The Army’s tactical operations centers will also get a cyber adviser to guide commanders in deploying information weapons, just as the artillery experts guide fires.

Then, there are the tactical questions. If the Army’s hackers can gain access to an enemy’s wireless communications points, what should they do to them? McGee said one option is to shut down nearby civilian networks when a U.S. patrol passes through the area, to prevent insurgents from calling in aid.

“Now, you might ask, why not close it down completely, just put a bomb in it?” he said. “Well, potentially, that’s just a place we can collect [intelligence] later on.”

Commanders must also understand the legal consequences of disrupting or bugging a civilian network. Navigating the legal environment can be much more complex than just blasting a target with a howitzer.

“We have to develop a framework and a model that allows us to describe how we can break down these authorities in terms of the effects that they would have,” McGee said. “Originally, the thought of doing cyberspace operations was that everything had to be controlled by the president… We are discovering that we can have a localized, discriminating effect.”

Currently, even basic and relatively simple actions like mapping the digital networks and nodes around a battlespace can get snarled in bureaucracy.

“How do we visualize that environment … also from the electromagnetic spectrum angle, what kind of signatures are we emitting? How can we see the enemy?” said Brig. Gen. Patricia Frost, who runs the Army’s Cyber Directorate. ”The commander has [to have] a complete visualization of the domain. That’s really important. That should not take an authority granted by the [defense secretary].”

The Army has a tactical field manual for cyber and EW effects, but has not yet laid out—at least in public—an explicit policy for how, when, and under what circumstances it will use offensive cyber weapons.

The public understanding of these questions hasn’t much advanced since two years ago, when the head of U.S. Cyber Command, Adm. Michael Rogers, has said cyber weapons should be governed by the same rules of engagement as other weapons.

“Remember, anything we do in the cyber arena … must follow the law of conflict. Our response must be proportional, must be in line with the broader set of norms that we’ve created over time. I don’t expect cyber to be any different,” Rogers said in 2015.

Future adversaries won’t operate under the same constraints.

“If you don’t have to worry about authorities … you can be very effective,” Frost said. “We look at it differently. The State Department, when we are not at war, we defer to them on information operations. It’s a different approach.”

Cyber operations are also a lot easier if you “don’t look at it through a Western lens in terms of protecting citizens’ privacy rights, also not having to be completely honest in the press,” she said. “That ability to use technology and be untruthful, it’s not something we would do. You’re playing on a different field. They already have an upper hand because” they can play by different rules.

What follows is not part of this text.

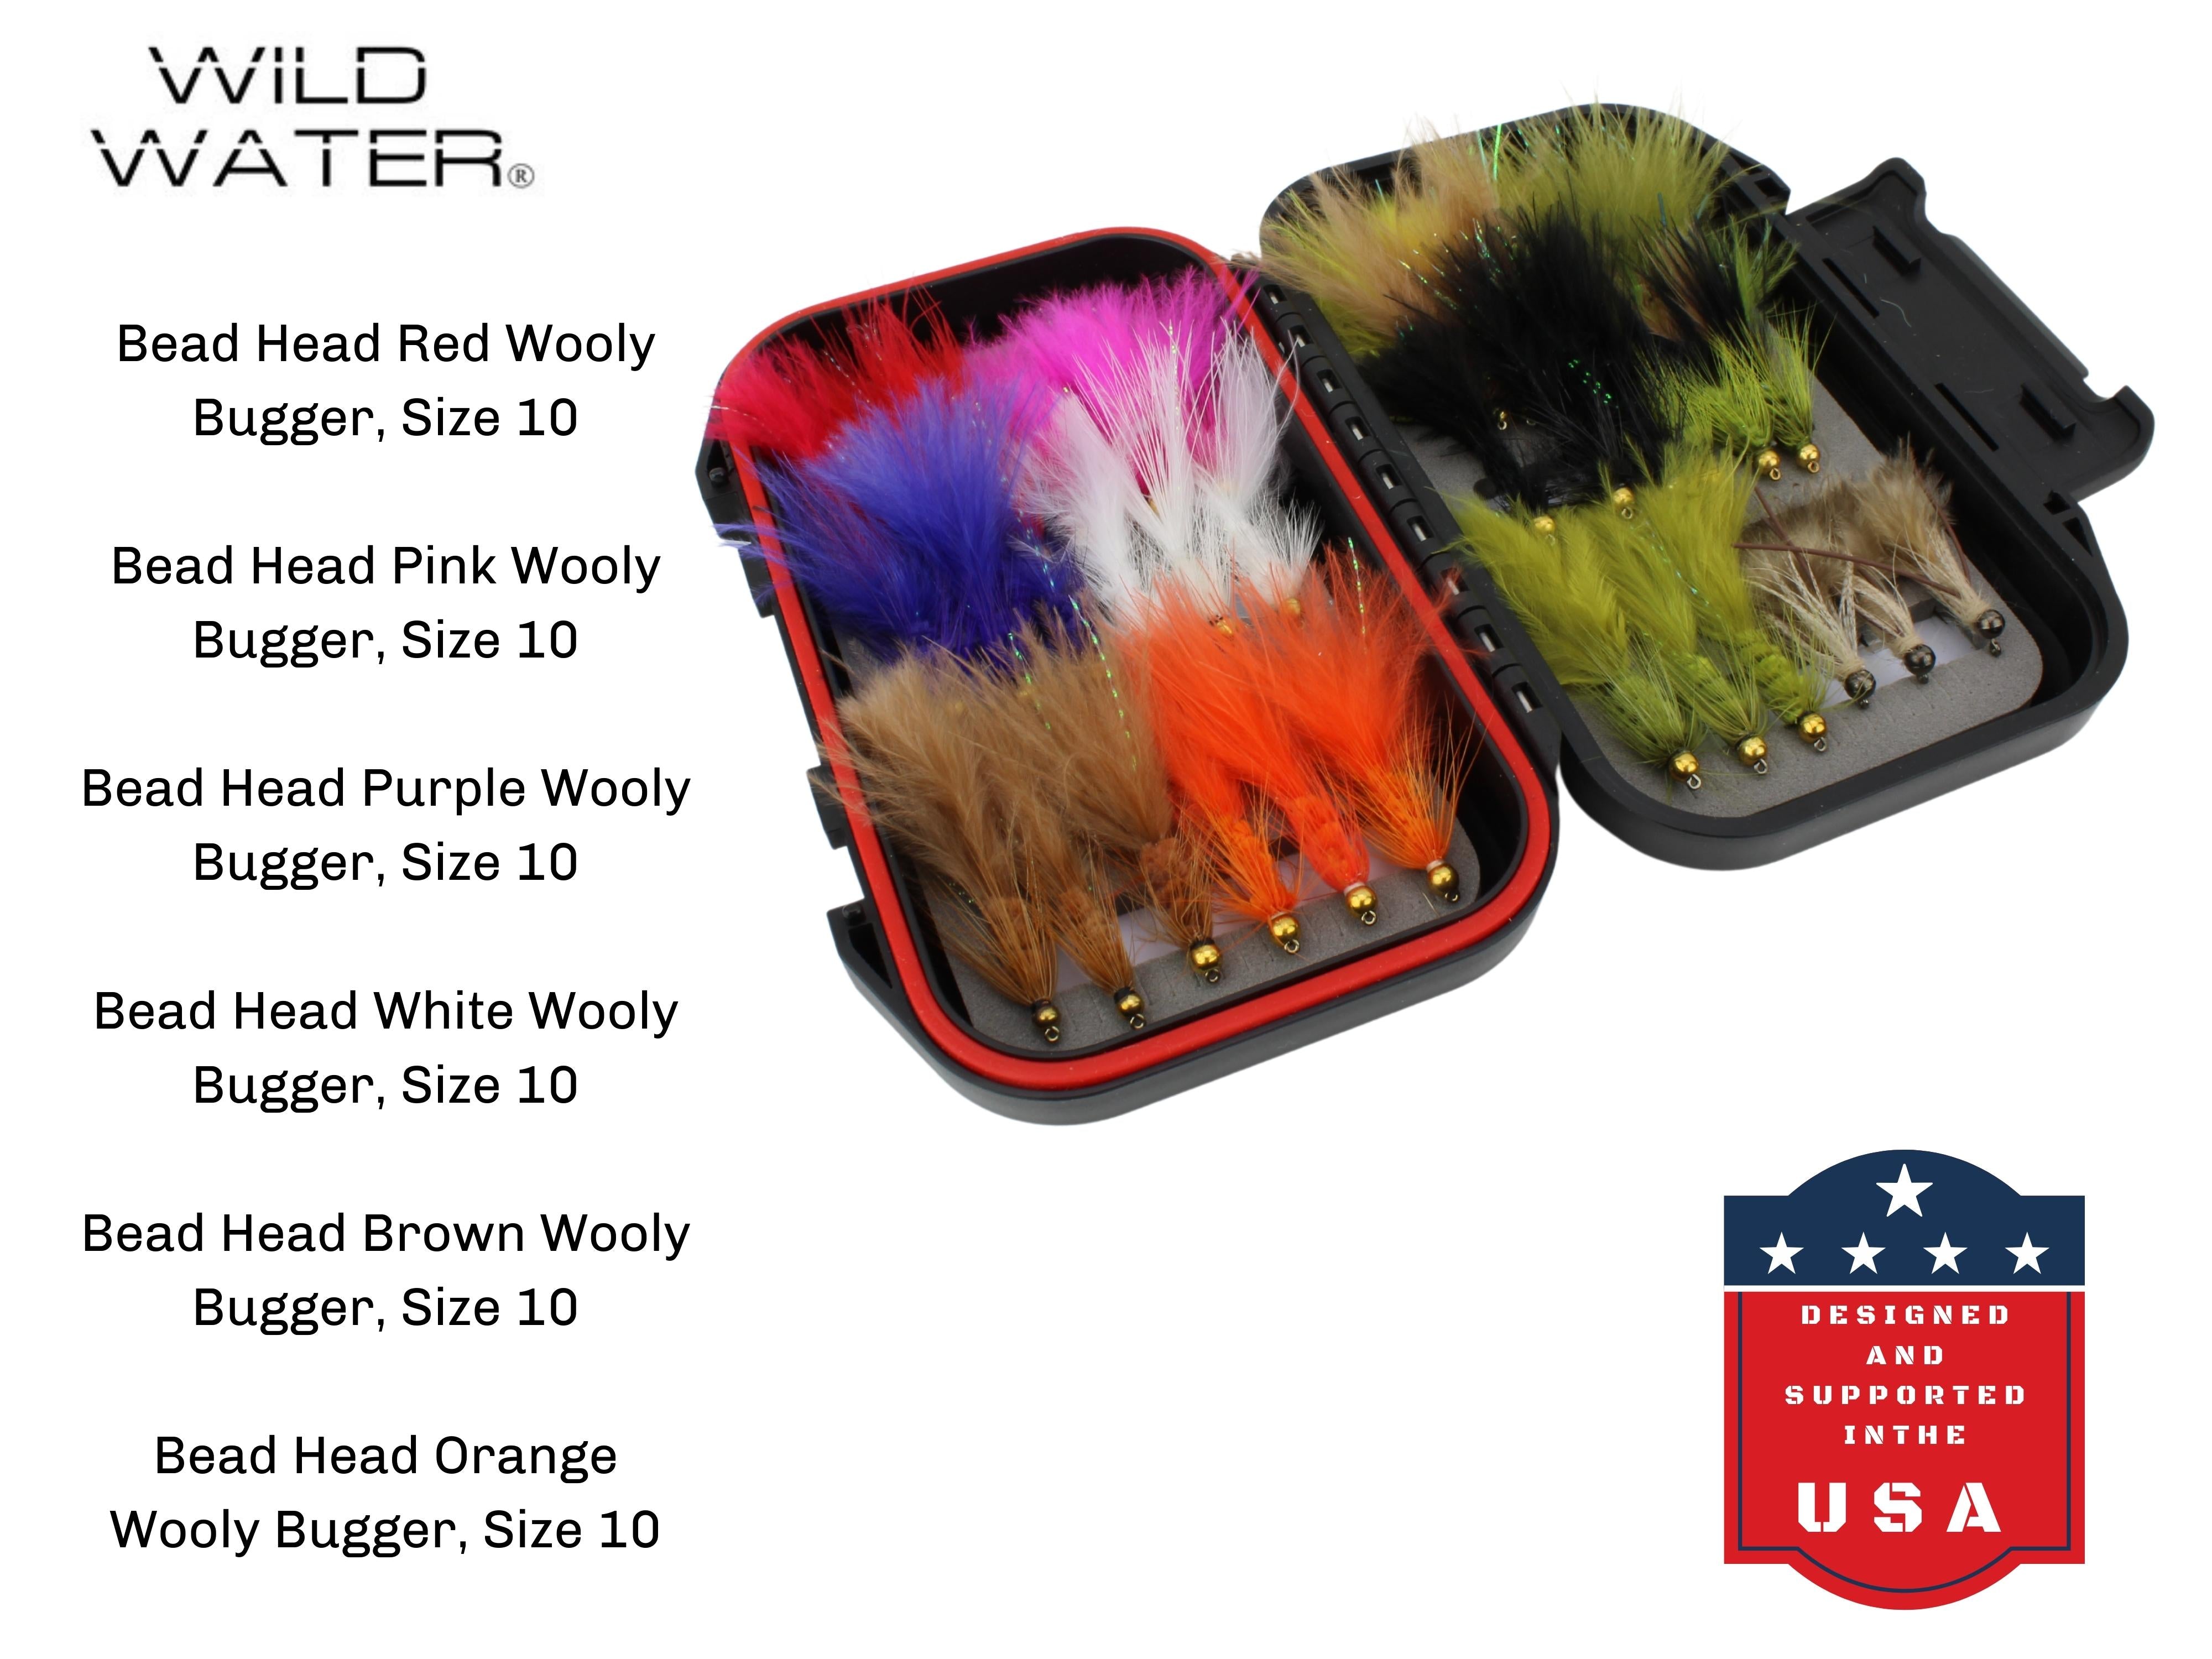 Wild Water Wooly Bugger Fly Assortment, 36 Flies with Small Fly Box

The Army plans to run exercises with different legal teams to see if the soldiers of today and tomorrow need extra legal authorities in battle. Getting those proper authorities and related issues ironed out can add delays, Frost acknowledges. She says she is “satisfied with the pace” of getting those permissions in place, but added it’s “never fast enough” if you’re the soldier in the fight.

For McGee, a bigger concern is his inability to know enough his adversary’s capabilities, a unique feature of digital weapons. There are many ways to figure out the size of a conventional force, and the number of soldiers and bombs it has. But cyber capabilities, by virtue of their ethereal nature, are also opaque.

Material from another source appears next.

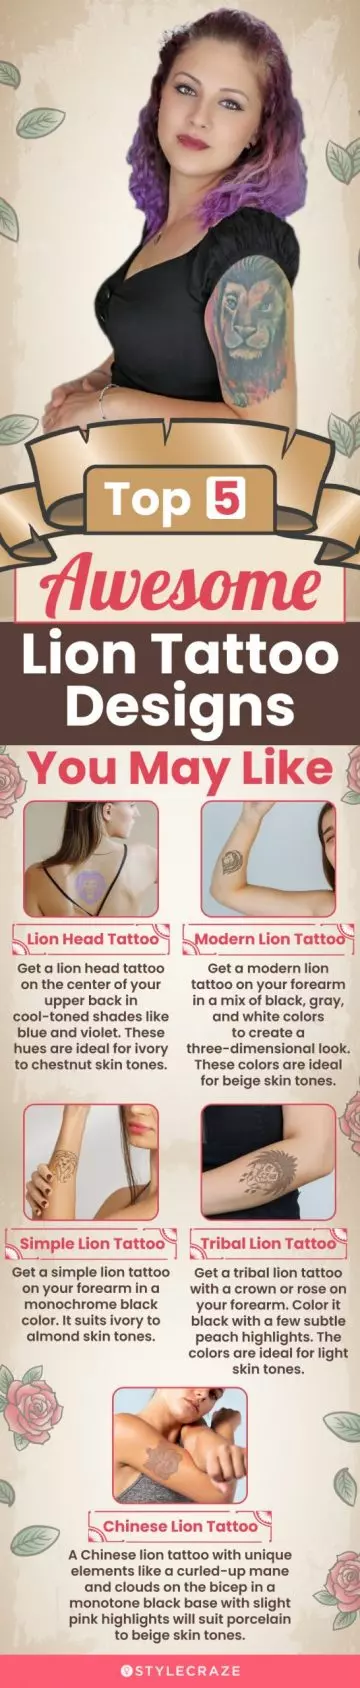 top 5 awesome lion tattoo designs you may like (infographic)
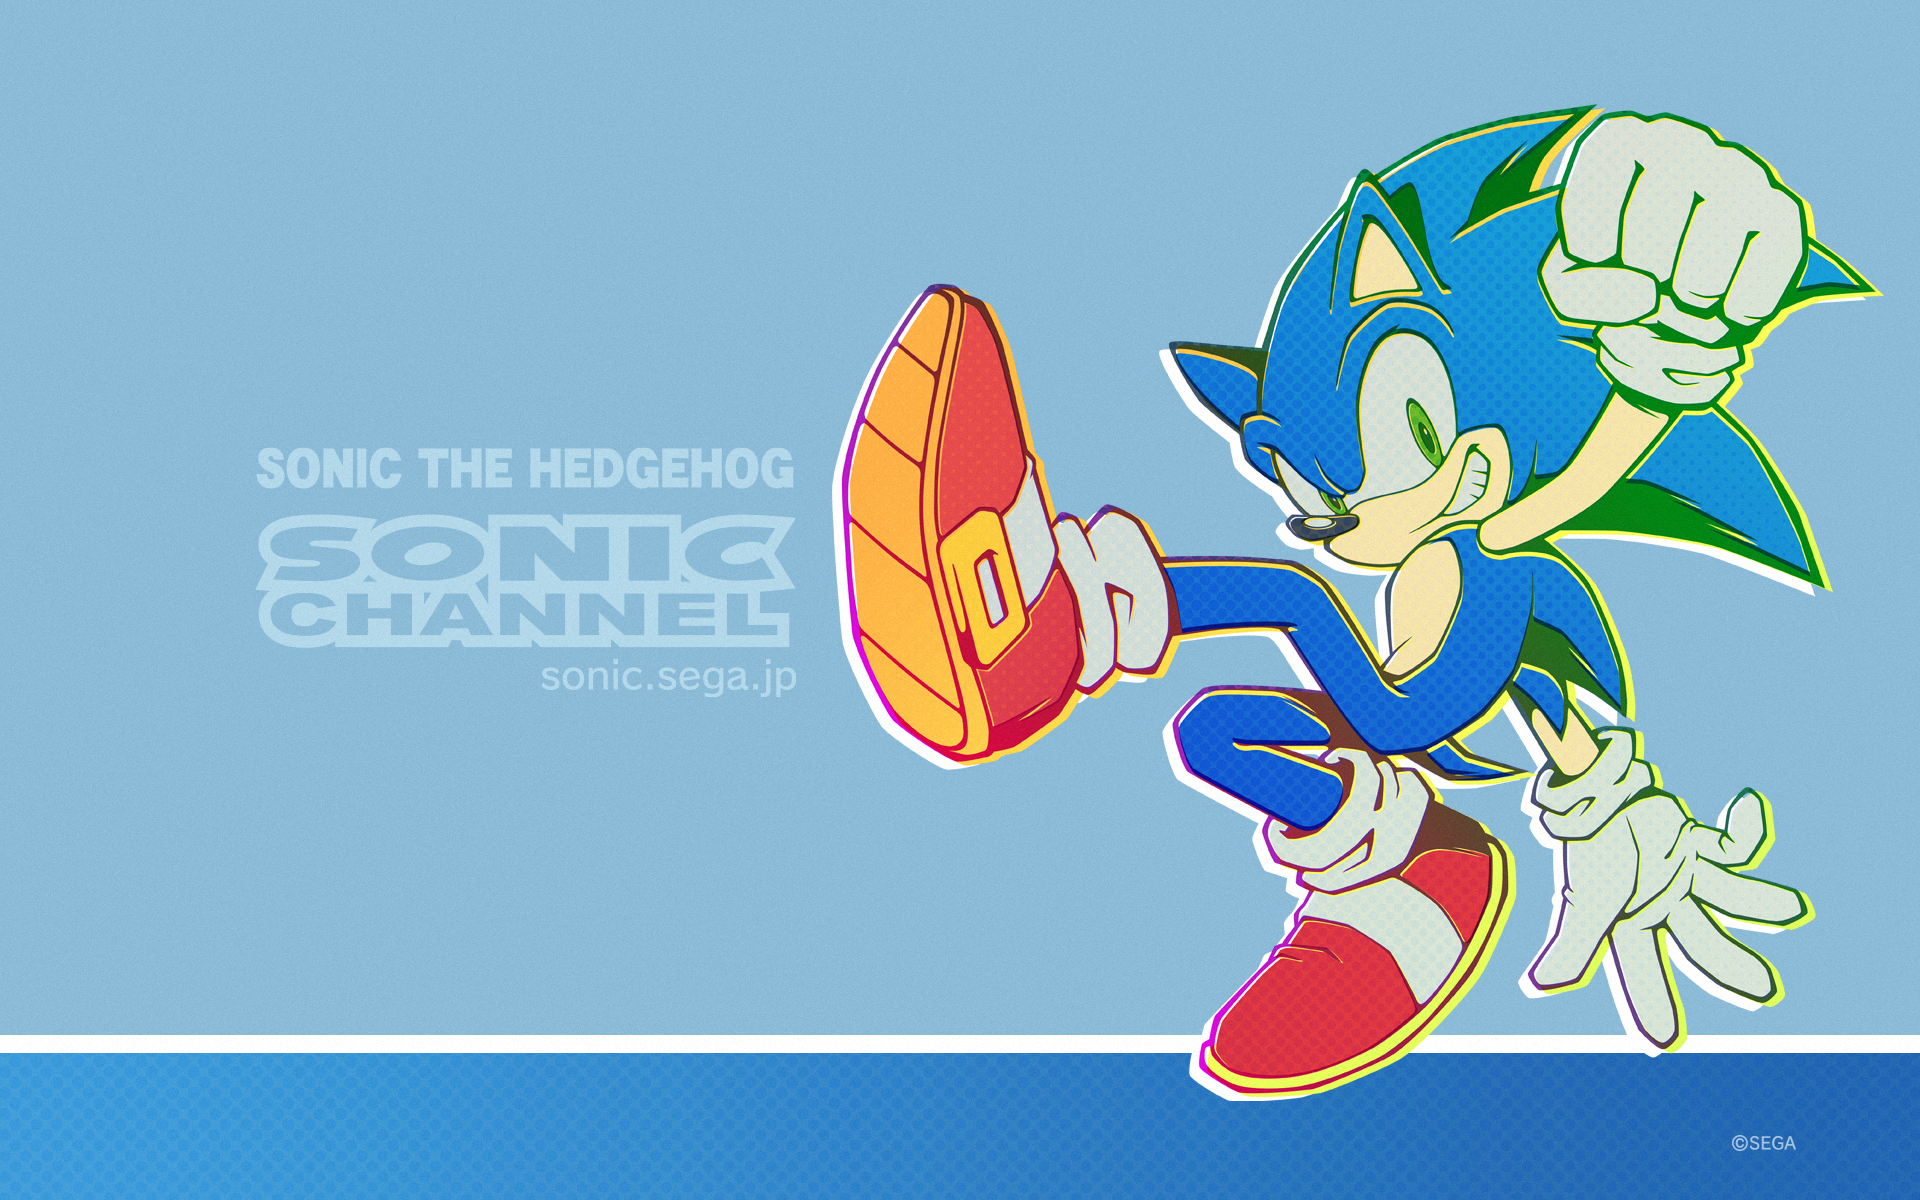 Happy Birthday Sonic! Sonic Channel's June Artwork Features Blue

“If you look back at the Cold War, we had a rough idea of what the Warsaw Pact [the Soviet Union and its satellite countries] had in terms of divisions, ships, planes,” McGee said. “We were probably off but not by a tremendous amount. In cyberspace it’s very hard to have that degree of certainty. The possibility of unknowns in this operational space is huge. It’s impossible for us to scale what we know and don’t know.”